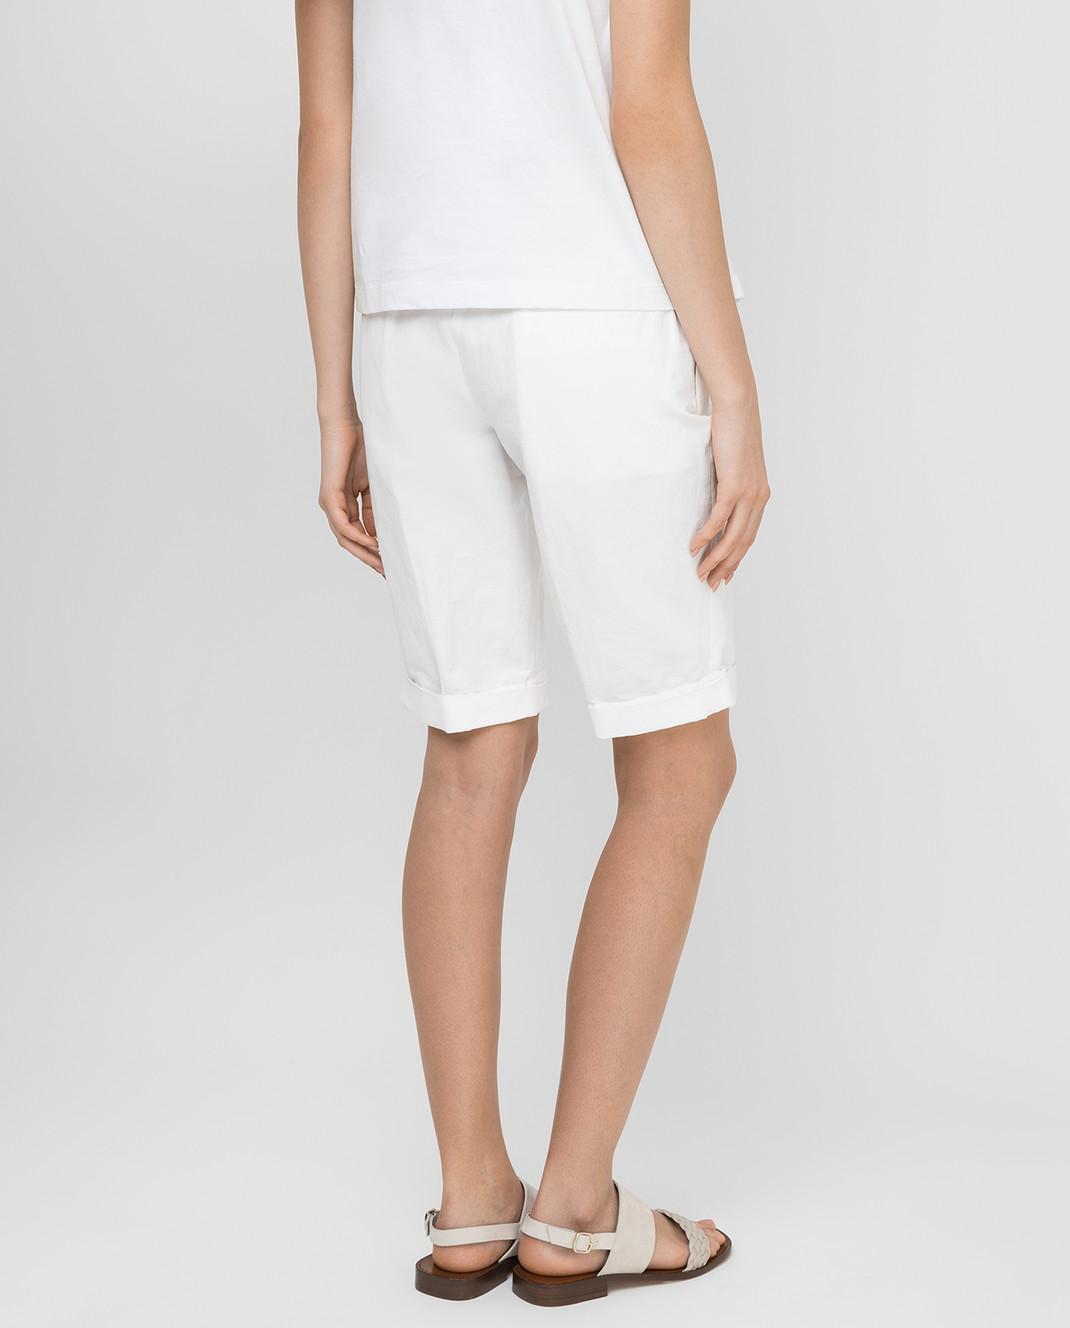 Marni Белые шорты PAMAN47A10TL234 изображение 4
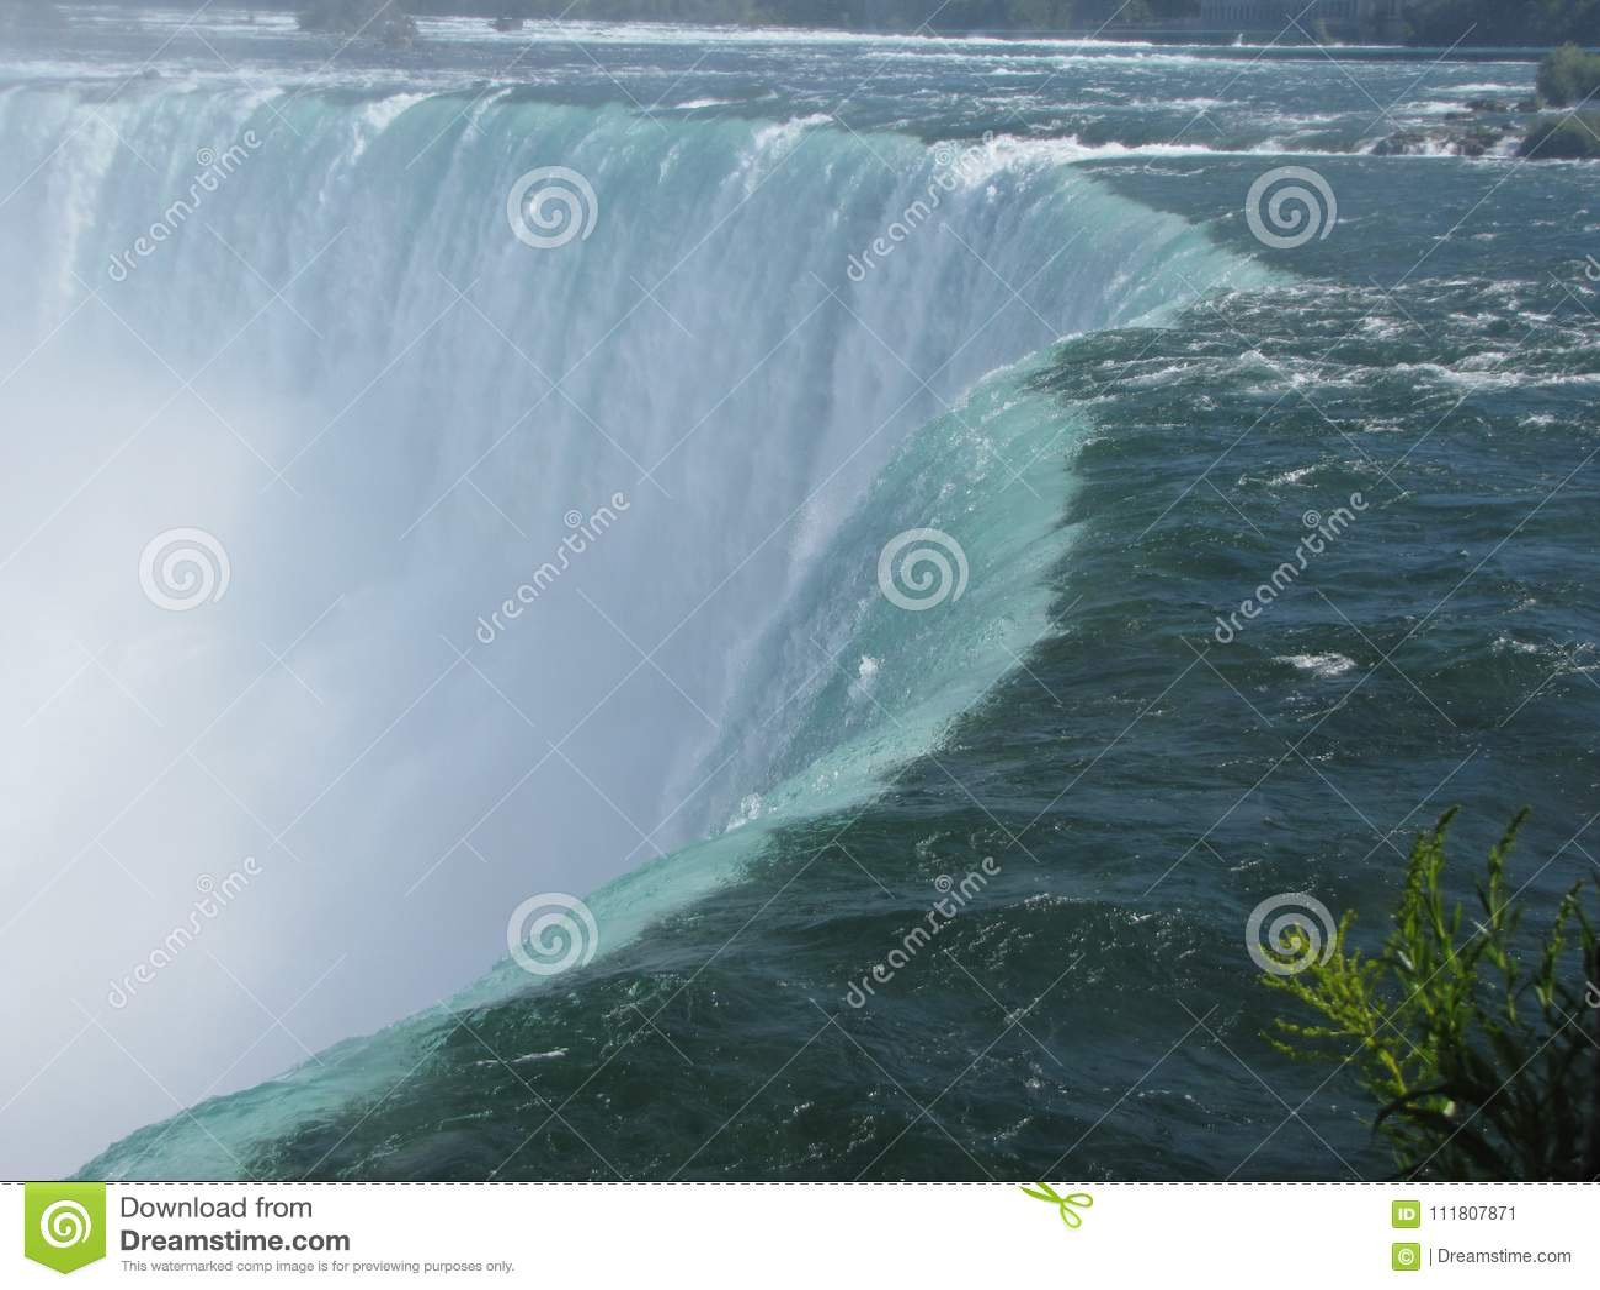 Views Of The Niagara River And The Famous Niagara Falls In
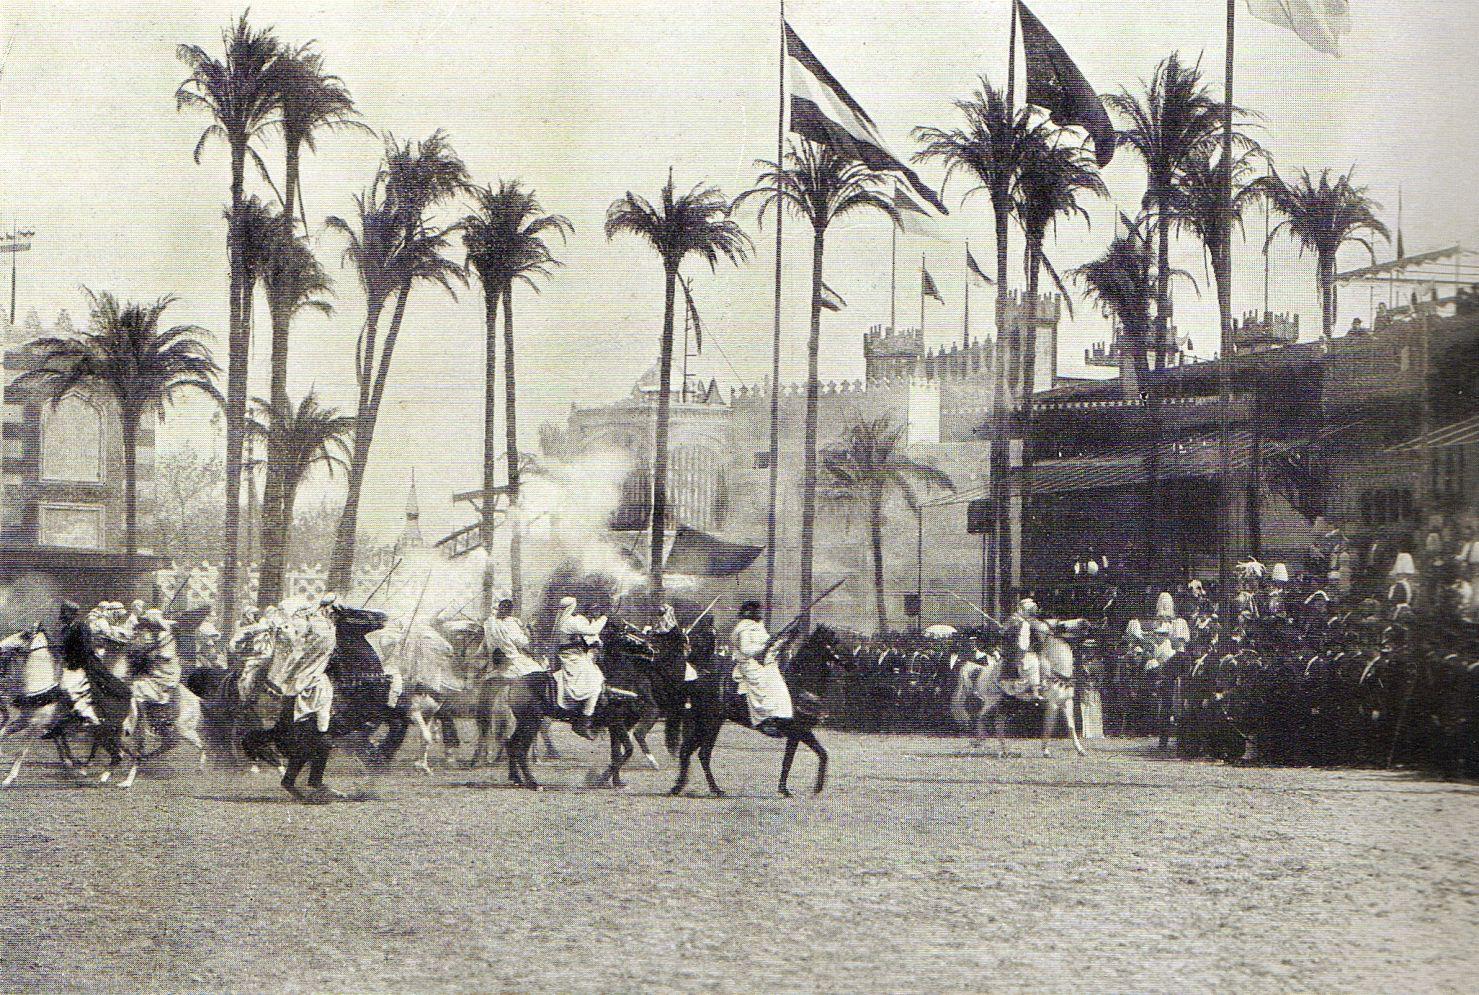 Berlin, Gewerbeausstellung 1896, Parade der Beduinen vor Kaiser Wilhelm II, Fotograf unbekannt

------------------------------------------------------------------------

## Exercise directions:
Find the line with "Views Of The". Reproduce it and every line after it through the last line above exactly, leaving out the pictures.

## Expected answer:
 Views Of The Niagara River And The Famous Niagara Falls In
 Berlin, Gewerbeausstellung 1896, Parade der Beduinen vor Kaiser Wilhelm II, Fotograf unbekannt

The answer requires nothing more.